The US Environmental Protection Agency’s (EPA) annual report “Light-Duty Automotive Technology, Carbon Dioxide Emissions, and Fuel Economy Trends” (earlier post) has, in its past editions since its inception in 1975, treated alternative fuel vehicles—electric vehicles (EVs), plug-in hybrid vehicles (PHEVs), and compressed natural gas (CNG) vehicles—separately from gasoline and diesel vehicles, with the vast majority of its analysis limited to gasoline and diesel vehicles only.

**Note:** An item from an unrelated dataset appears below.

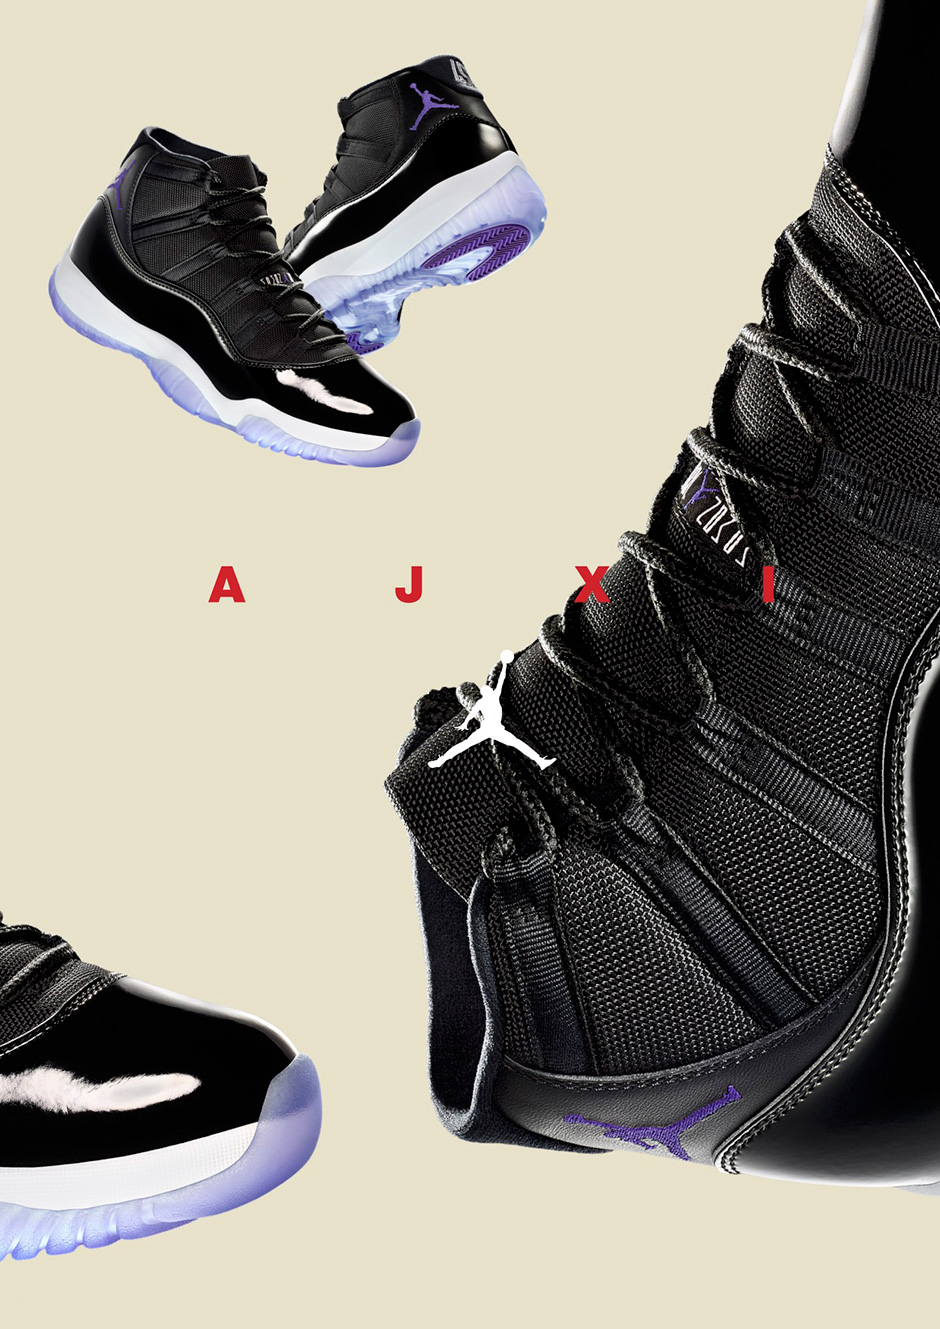 645a32710f4 Space Jam Jordan 11 - Official Release Info

The agency’s reasoning was that since alternative fuel vehicle production has generally been less than 0.1% of total vehicle production until very recently, the impact of excluding alternative fuel vehicles was negligible. With alternative fuel vehicles now approaching 1% of new vehicle production, however, they are in fact beginning to have a “measurable and meaningful impact” on overall new vehicle fuel economy and CO2 emissions.

EPA Trends report
The EPA report is an authoritative reference for CO2emissions, fuel economy, and powertrain technology trends for new personal vehicles in the United States.
EPA obtains the detailed data supporting the report directly from automobile manufacturers; the agency has been collecting and maintaining these data since 1975. They comprise the most comprehensive database of its kind.
The Trends report has been published annually since 1975 and covers all passenger cars, sport utility vehicles, minivans, and all but the largest pickup trucks and vans.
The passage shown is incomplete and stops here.